PROBLEM STATEMENT ▸ Set the material down again exactly, line by line, skipping each picture.
*** Opening of INFORMATION SUPPLIED ***
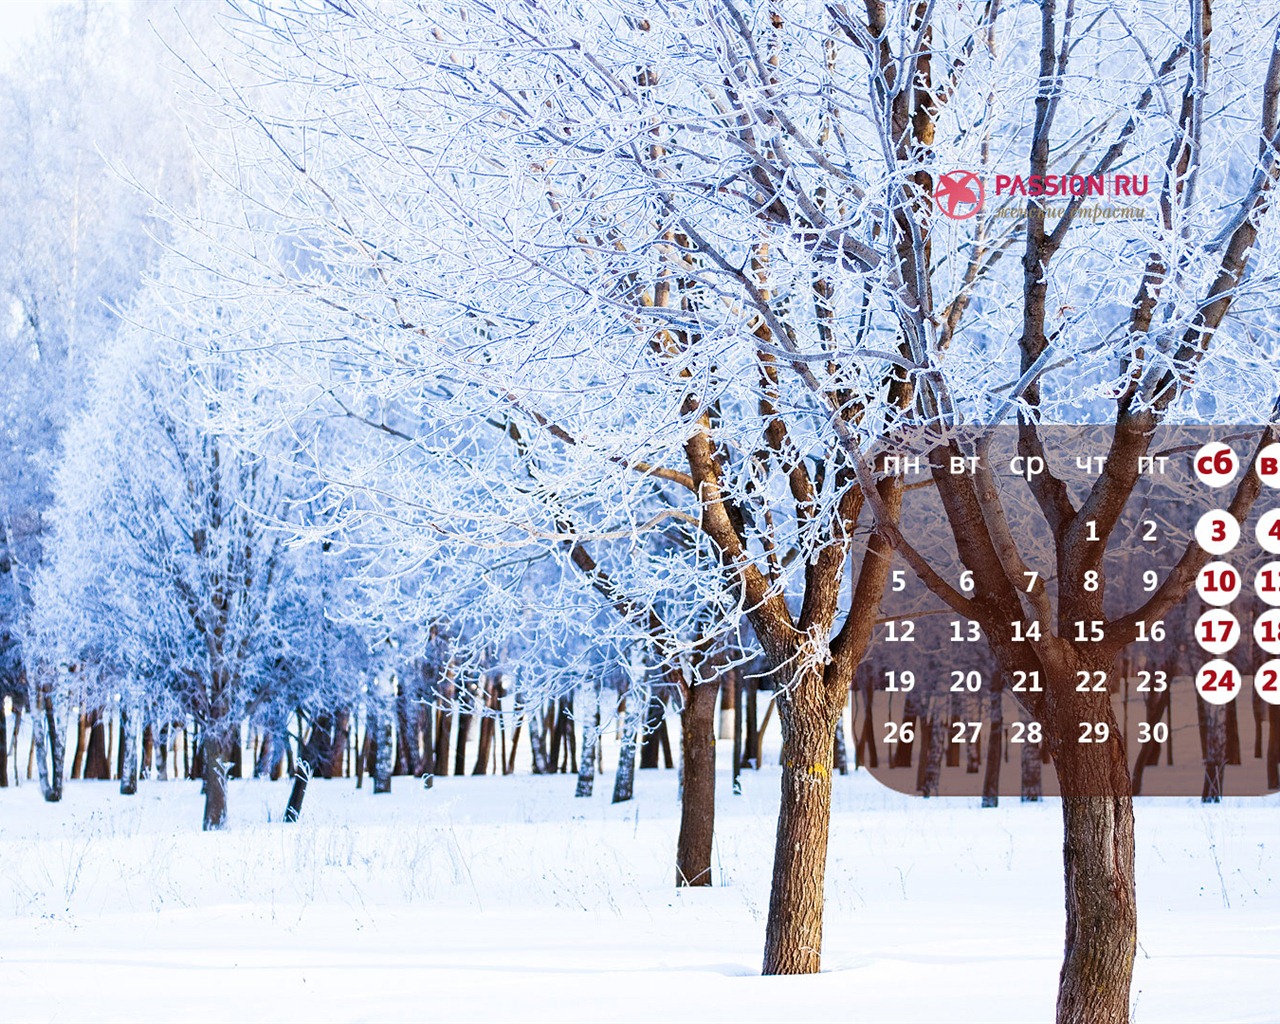 11 2012 Calendar fondo de pantalla (2) #15 - 1280x1024
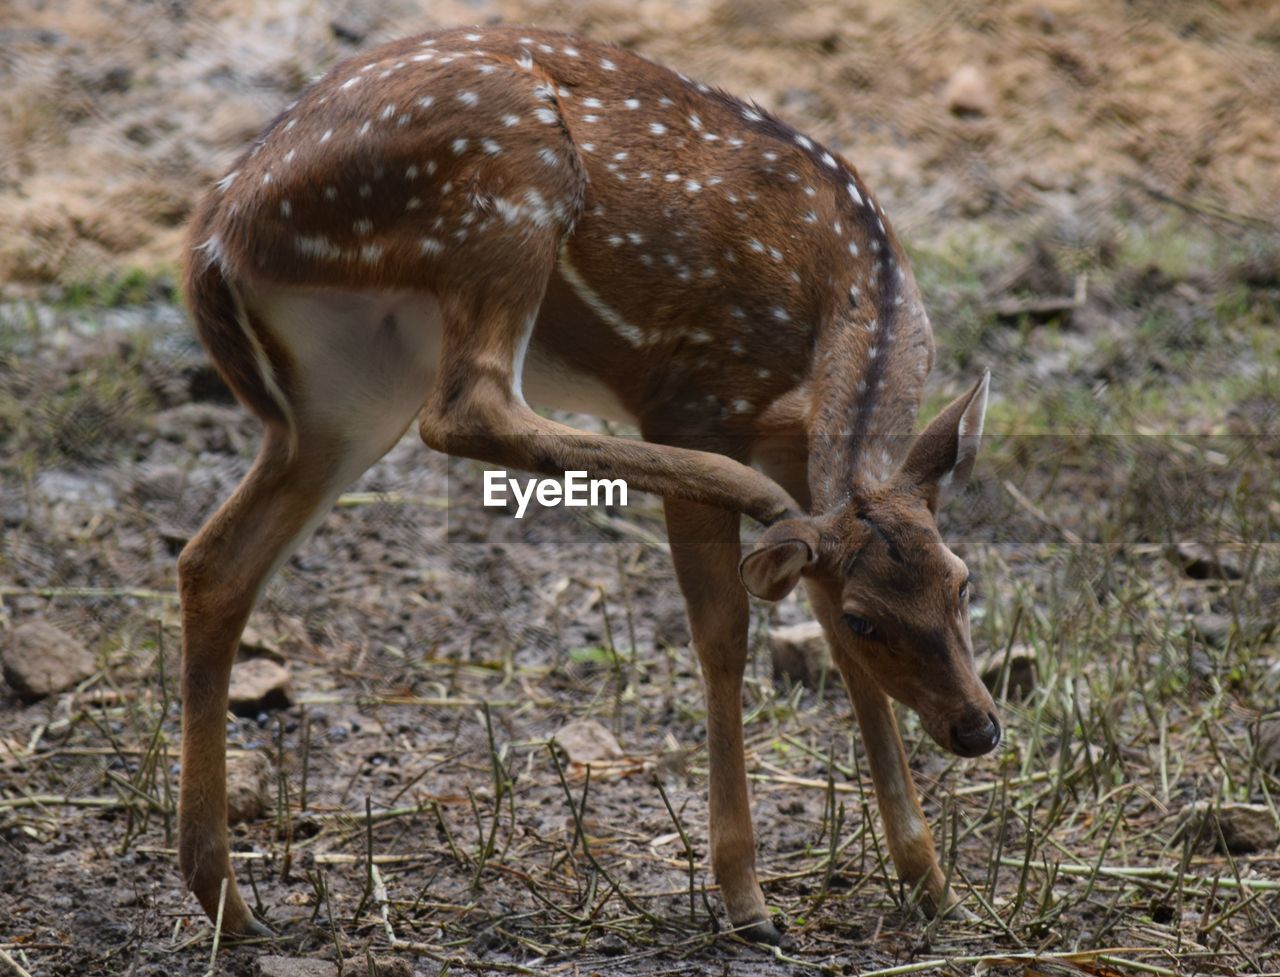 View of axis deer
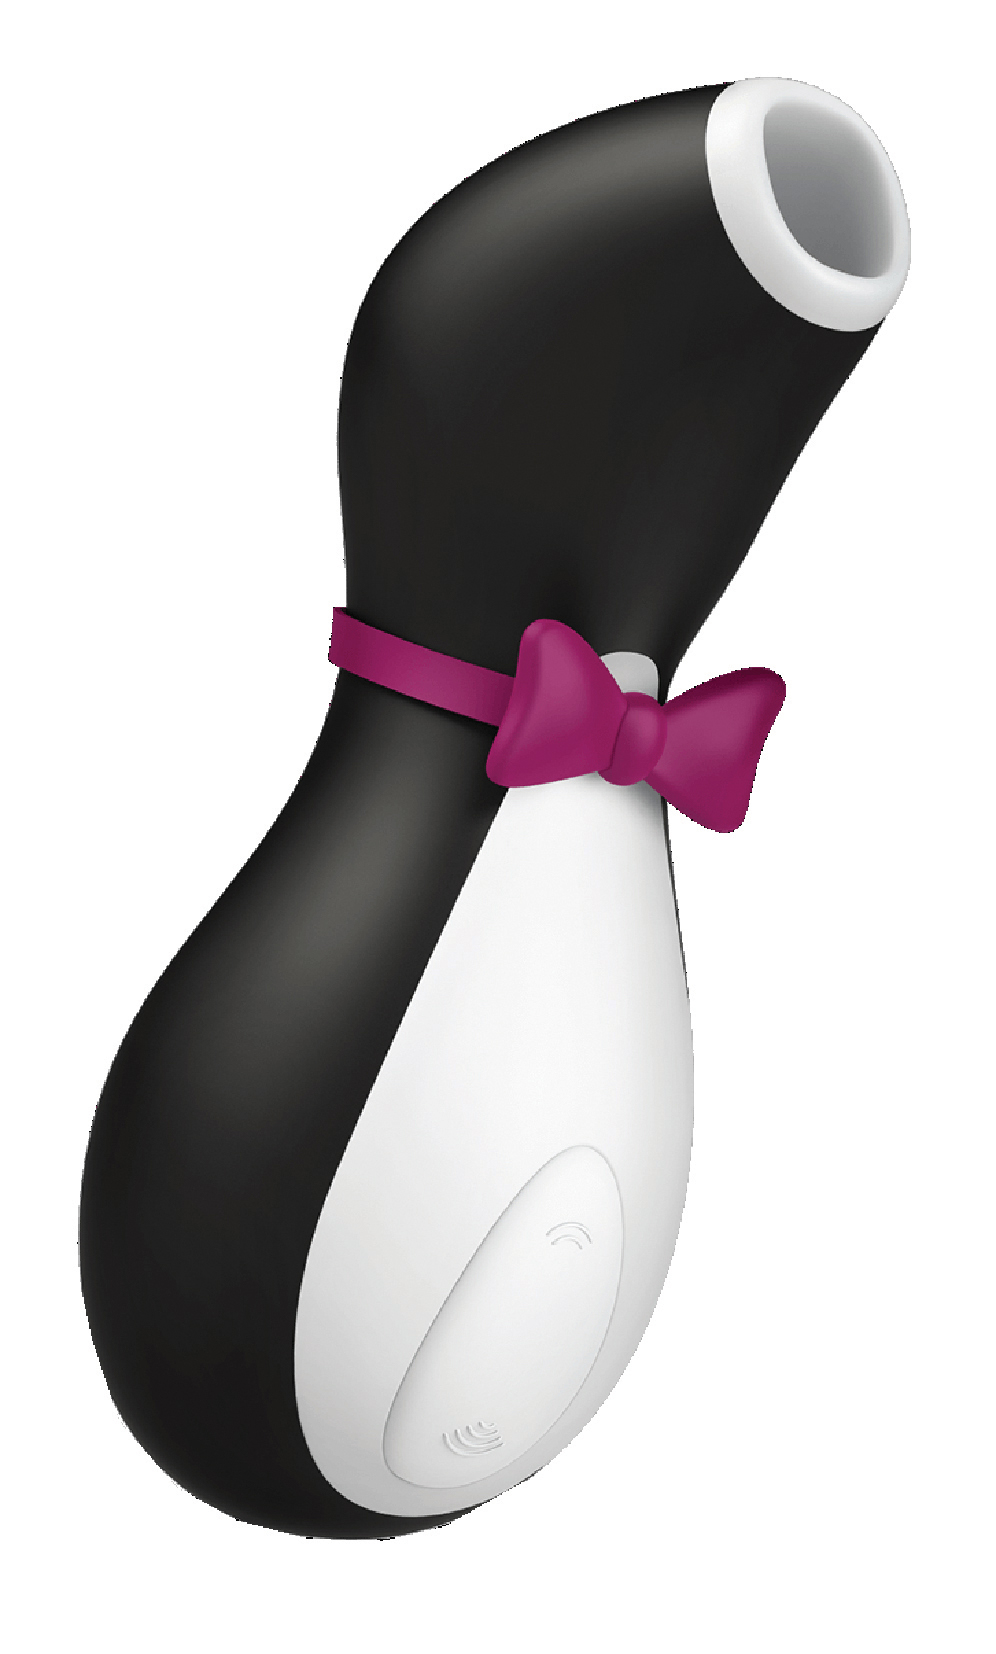 SATISFYER Pro Penguin Next Generation
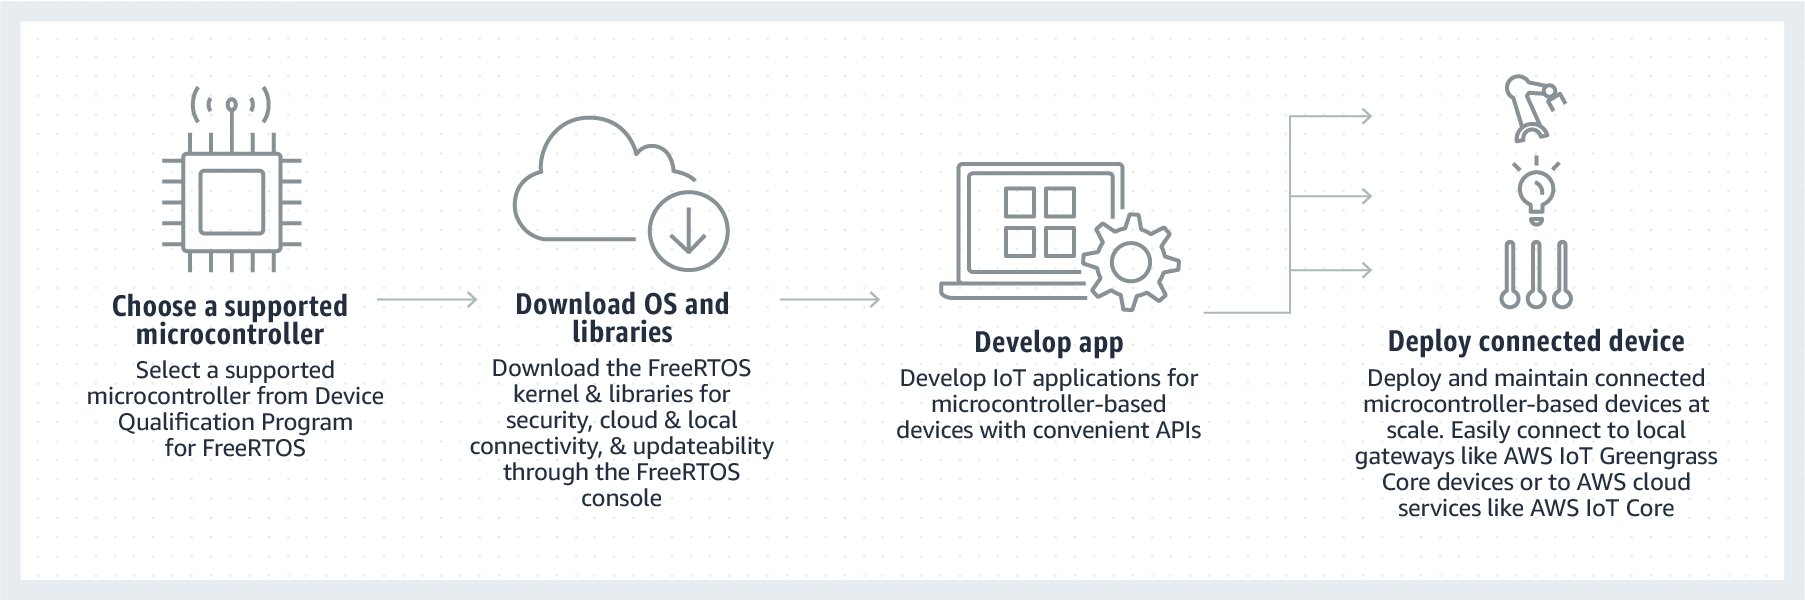 FreeRTOS を使用してモノのインターネット (IoT) アプリケーションを開発およびデプロイするステップを示すフローチャート。
*** Close of INFORMATION SUPPLIED ***
SOLUTION TO THE PROBLEM ▸
 11 2012 Calendar fondo de pantalla (2) #15 - 1280x1024
 View of axis deer
 SATISFYER Pro Penguin Next Generation
 FreeRTOS を使用してモノのインターネット (IoT) アプリケーションを開発およびデプロイするステップを示すフローチャート。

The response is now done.